Wednesday, July 22, 2009

Working Grunge Fonts Into Your Design

Now that you've found all these fun fonts, what are you going to do with them? Working them into traditional design can be difficult, so it's time to learn about overall grunge design. If you think it's all about simply dirt and darkness this article should set you straight. Sometimes just a few pieces of grunge can make your bright design more realistic and interesting.

Along with your fonts, you're going to want to pick up some grunge brushes to create your very own grunge backgrounds. But it's much more fun to create your own using this tutorial. Or this one. Or this one. You get the idea.

Another excellent use of these new brushes is to distress your own type. In Photoshop or an equivalent image editor, place your type on its own layer. Paint on a mask with your new brush, or use the eraser tool set to your brush and single-click the brush over the sections you want to distressed with the opacity set to differing levels. The airbrush tool also renders interesting results, as does the use of several different brushes over one typeface.

Grunge Font Foundries

Here are some of my favorite repositories grunge fonts:

  • Font Squirrel
    Font Squirrel tops my list because aside from providing quality fonts, it provides them all free of cost and with a commercial license. In a time when copyright law and intellectual property is in continual flux, it is invaluable for me to be able to browse a site and know that anything I see I can download and use without further rigamarole.

  • Misprinted Type
    Digital artist, recife, has a nice collection of grunge fonts he designed that he both sells and gives away free. It's not extensive by any means, but it is good quality, original stuff.

  • Fontspace, 1001Fonts, DaFont
    Commercial licenses are harder to come by at these font megasites, but they always have a wide selection.
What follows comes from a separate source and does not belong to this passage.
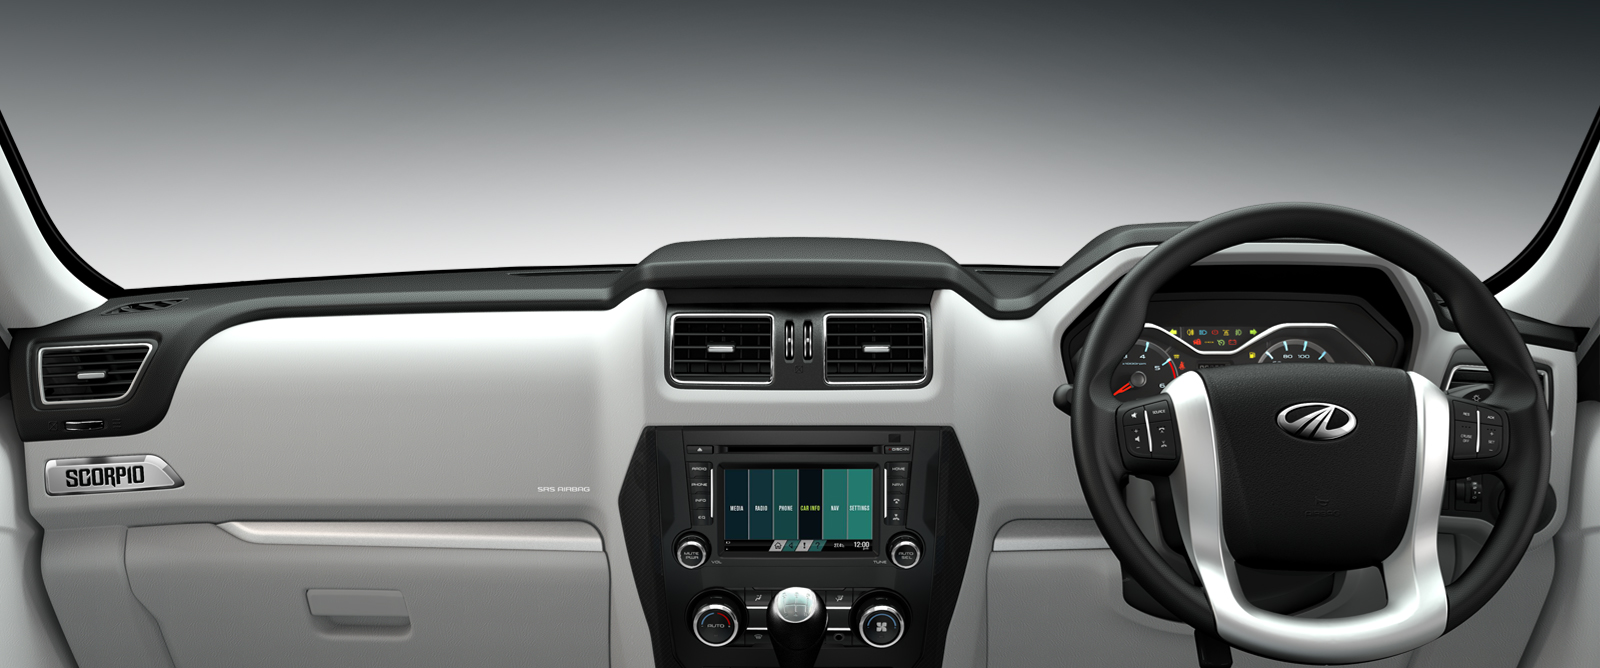 Mahindra Scorpio facelift Interior

  • InstantShift and other online webmags
    To keep their blog traffic up, web magazines often run best of or feature lists like the one linked above. Subscride ot the rss feed of a few and watch for these lists to come out.

Friday, July 17, 2009

Grunge Fonts in Modern Branding

You'd think that dirty, distressed, and practically illegible fonts wouldn't be popular in the commercial world.

You'd be wrong.

In a world where everyone wants to be "edgy," grunge fonts have become the new goto typeface for breaking out your new product or rebranding your old one. From clothing companies to pop stars to evangelical Christian culture, grunge fonts have emerged from the punk rock basement and taken over the mainstream. Here's just a few examples:

_________

This heavyweight in the worlds of both branded clothing and MMA showcases uses a thick-stemmed font with a bracketed light serif for its main logo, distressing it with some small to medium smudges. Coupling this with graphics thickly laden with deathly or fantastic images, gives them a downright "Goth" feel.

When they want to get even more grungy, they do a similar, but more intense stressing of a blackletter font for some medieval grunge action.






______________




Beyonce's logo should probably be considered an individual piece of art, rather than a font family, but I use it as an example of the far reach of grunge fonts because it shares two important characteristics with Affliction and a number of other "edgy" branding attempts.
  1. Distressing. Though the distressing is more floral than chaotic in Beyonce's logo, it is definitely a bit dirtier than a plain floarl motif would be.
  2. Fraktur Font. Many grunge fonts are based on Blackletter typefaces, with the Fraktur family being a very popular choice.

And finally, an obversation from Stuff Christian Culture Likes where it is noted that "Christian items marketed to teens usually use an "extreme," "edgy" or "grunge" font."

Saturday, July 11, 2009

Nothing to do with Grunge Fonts but...


Apparently, this is what letters are made of. Diane, why haven't you told us this?

Wednesday, June 24, 2009

Where did these ugly fonts come from?

Garagefonts.com
It is difficult to pinpoint where and when the first "grunge" font was used, and who first used it. But signs point to surfer turned graphic designer, David Carson, who was known as the "Father of Grunge." His signature distorted and often illegible style was loved and hated in nearly equal measures in the 90's. In his magazine, Ray Gun, he once set an entire interview he disliked in the Dingbat typeface. In 1993, he opened the type foundry, Garage Fonts, that featured many of the type styles he was using in Ray Gun. Today, it has over 750 fonts by numerous different designers.


Some grunge examples from Garage Fonts:




David Carson may not be the first person to ever use a distressed font, or create something dark and beautiful with typography, but he may be where the name and the style got its identity.

Tuesday, June 9, 2009

Grunge Fonts

Grunge fonts are a loosely defined group of fonts that encourage designers to break out of "clean" design and create something dirty. Distressed, uneven, incomplete--grunge fonts aren't intended to be pretty, and oftentimes aren't even useful.

But they do make a statement.

And if the intention of good typography is to match the medium to the message, than having a few quality grunge fonts in your bag of design tricks is essential. In this blog, I'll be talking about the history of grunge fonts, some good foundries for acquiring them, and even how to make your own. I'll probably delve into some overall grunge concepts as well, and talk about using grunge fonts in logo design.